Didalam ukuran lot ini ada beberapa pendekatan yaitu:
1. Menyeimbangkan ongkos pesan (set up cost) dan ongkos simpan.
a. Biaya pemesanan ( order cost ) adalah biaya yang dikaitkan dengan usaha untuk
mendapatkan bahan atau bahan dari luar. Biaya pemesanan dapat berupa biaya penulisan
pemesanan, biaya proses pemesanan, biaya materai / perangko, biaya faktur, biaya
pengetesan, biaya pengawasan, dan biaya transportasi. Sifat biaya pemesanan ini adalah
semakin besar frekuensi pembelian semakin besar biaya pemesanan.
b.
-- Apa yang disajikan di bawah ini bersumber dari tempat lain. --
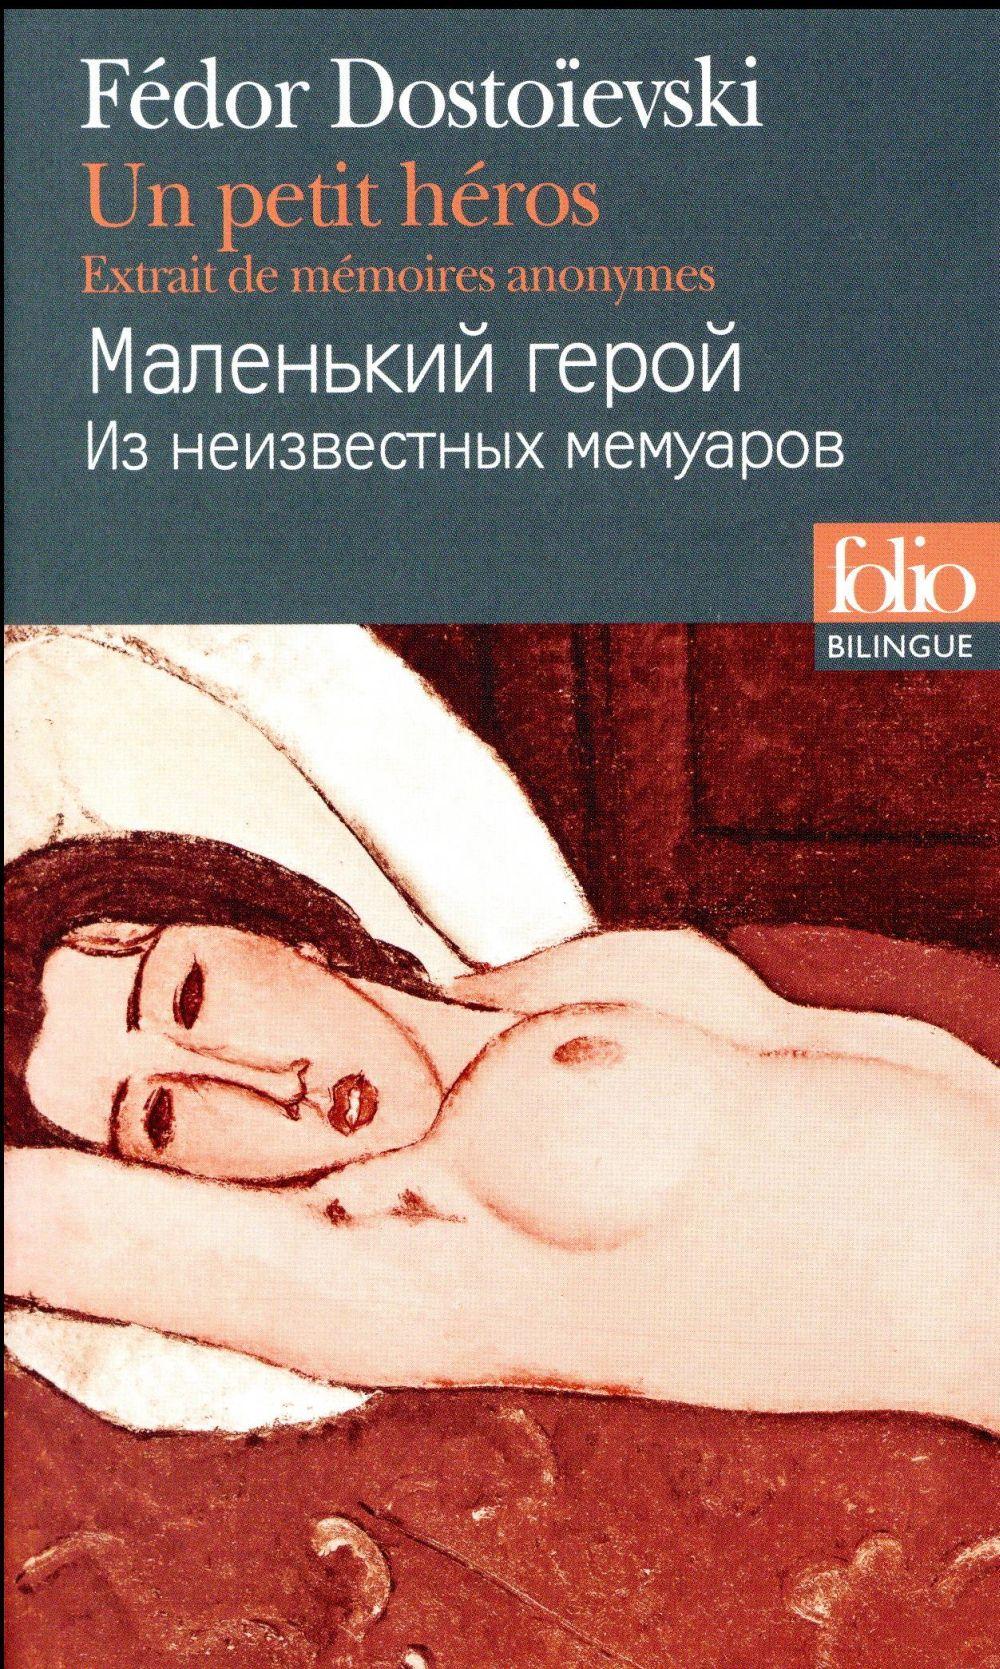 UN PETIT HEROS EXTRAIT DE MEMOIRES ANONYMES DOSTOEVSKIJ F M. Gallimard

Biaya Penyimpanan.
Komponen utama dari biaya simpan ( carrying cost ) terdiri dari :
a) Biaya Modal, meliputi : biaya yang diinvestasikan dalam persediaan, gedung, dan
peralatan yang diperlukan untuk mengadakan dan memelihara persediaan.
b) Biaya Simpan, meliputi : biaya sewa gudang, perawatan dan perbaikan bangunan, listrik,
gaji, personel keamanan, pajak atas persediaan, pajak dan asuransi peralatan, biaya
penyusutan dan perbaikan peralatan. Biaya tersebut ada bersifat tetap (fixed ), variabel,
maupun semi fixed atau semi variabel.
2. Menggunakan konsep jumlah pesanan tetap.
3. Dengan jumlah periode pemesanan tetap.
Terdapat 10 Alternatif teknik yang digunakan dalam menentukan ukuran Lot.
Kesepuluh teknik adalah sebagai berikut :
a. Fixed Order Quantity (FOQ)
Pendekatan menggunakankonsep jumlah pemesanan tetap karena keterbatasan akan fasilitas.
Misalnya : kemampuan gudang, transportasi, kemampuan supplier dan pabrik.
b. Lot for Lot (LFL)
Pendekatan menggunakan konsep atas dasar pesanan diskrit dengan pertimbangan minimasi
dari ongkos simpan, jumlah yang dipesan sama dengan jumlah yang dibutuhkan.
c. Least Unit Cost (LUC)
Pendekatan menggunakan konsep pemesanan dengan ongkos unit perkecil, dimana jumlah
pemesanan ataupun interval pemesanan dapat bervariasi. Keputusan untuk pemesanan
didasarkan :
ongkos perunit terkecil = (ongkos pesan per unit) + (ongkos simpan per unit)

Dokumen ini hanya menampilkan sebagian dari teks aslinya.